Nesta extensão de rota apareceram algumas águas que juntas com as vertentes do Mosteiro fazem uma quantidade considerável, e para se aproveitarem se fez uma grande preza na boca da dita mina, e desta se encaminham as águas por uma caldeira ao engenho de azeite, e Segunda, que de novo se fez ao fundo dos pomares deste Mosteiro. Para este novo engenho se fez uma grande casa, que tem suas paredes rebocadas, janelas, e porta de cantaria, e o emadeiramento com toda a segurança, e se abriram algumas trapeiras pra extração do fumo. Dentro desta casa se armou o engenho de azeite conforme o método de Dollabela[1] com uma grande tulha feita por um lado de perpianho toda lajeada de cantaria; e as paredes forradas de madeira para evitar a corrupção da azeitona; por baixo desta se fez um aqueduto para extração da água ruça tanto da tulha como do engenho: ao outro lado se fez um quarto de madeira para uma azenha de Segunda; que de novo se fez com tal arte, que havendo águas bastantes uma só roda faz trabalhar as pedras de ambos os engenhos; nos quais se puseram de novo todos os trastes necessários.
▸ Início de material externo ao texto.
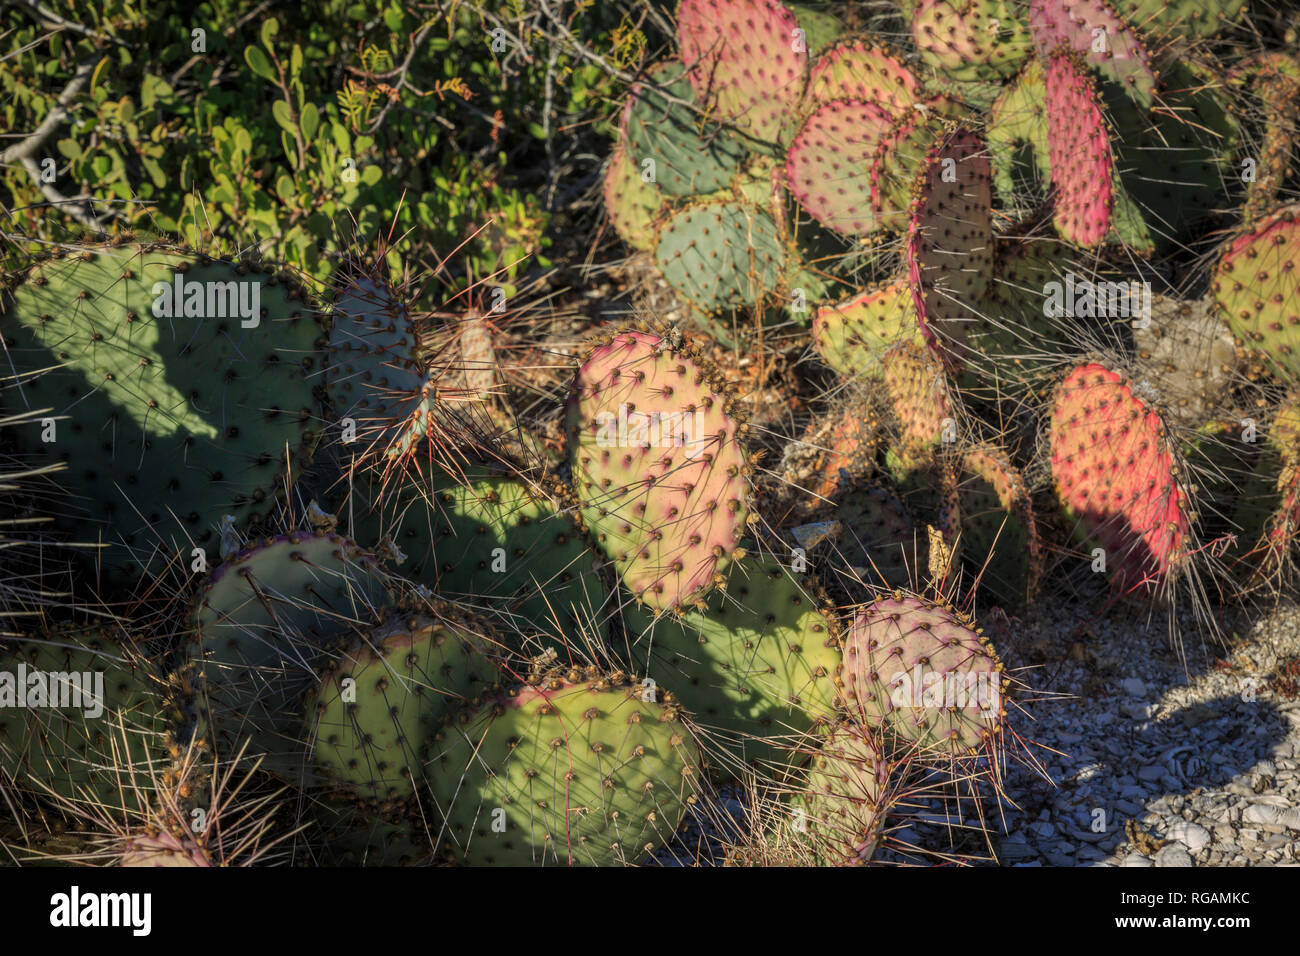 Auswahl an Farben und Größen der stachelige Boden Kaktus. Sonora Wüste im Nordwesten von Mexiko. Stockfoto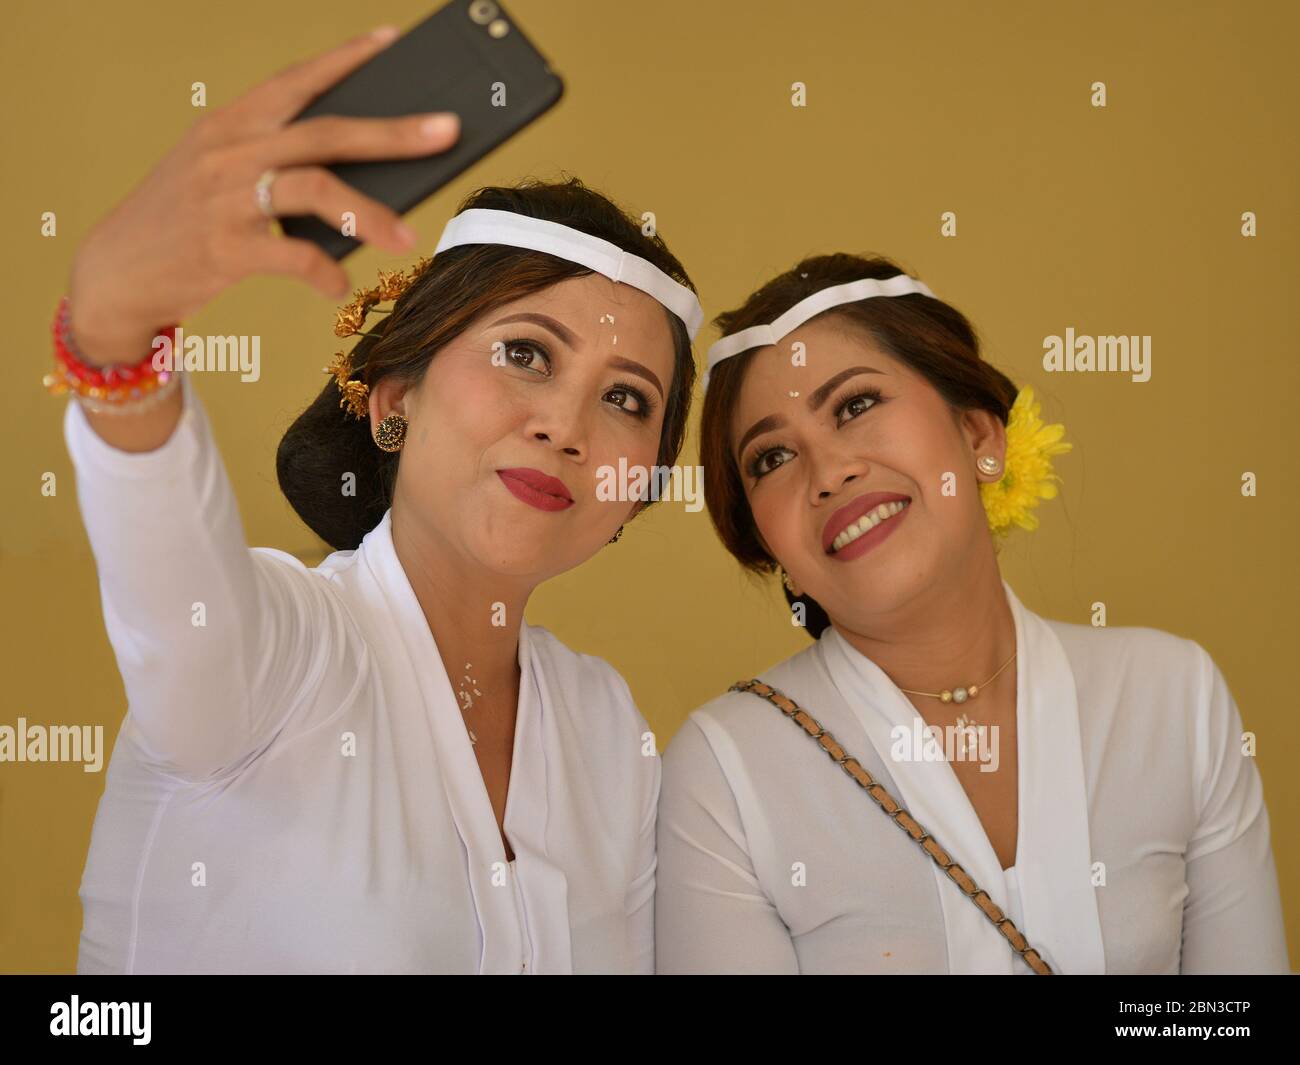 Deux belles femmes balinaises indonésiennes habillées en blanc prennent une photo de la wefie avec leur téléphone cellulaire lors d'une cérémonie religieuse hindoue au temple. Banque D'Images

Também pelo Estado de 1801 sabemos que este engenho de azeite, que era de imprensa, passou a ser de varas, o que obrigou as paredes a serem engrossadas. Na mesma data, a mina que o alimentava foi emparedada. Destas construções e do seu modo de funcionamento, continuaremos a falar no próximo sábado. 

Apareçam !!!


[1] Giovanni Antonio Dalla Bella, nasceu em Pádua, Itália. Era professor de Física Experimental na Universidade de Pádua quando foi convidado pelo Marquês de Pombal (1699-1782) para vir para Portugal, leccionar Física no Colégio Real dos Nobres, que estava então a ser criado em Lisboa. Terminado o ensino científico no Colégio dos Nobres em 1772, foi chamado para a Universidade de Coimbra, quando da reforma dos seus estudos, tendo sido nomeado professor de Física Experimental. Foi-lhe concedido o grau de Doutor em 1773, tendo leccionado na Universidade de Coimbra até à sua jubilação, em 1790. Voltou para Pádua na década de 90, onde veio a falecer por volta de 1823. Apesar da sua área de trabalho ser a Física, desenvolveu diversos estudos sobre a agricultura, tendo estudado a cultura da oliveira e a produção de azeite, em memórias que foram publicadas pela Academia das Ciências de Lisboa.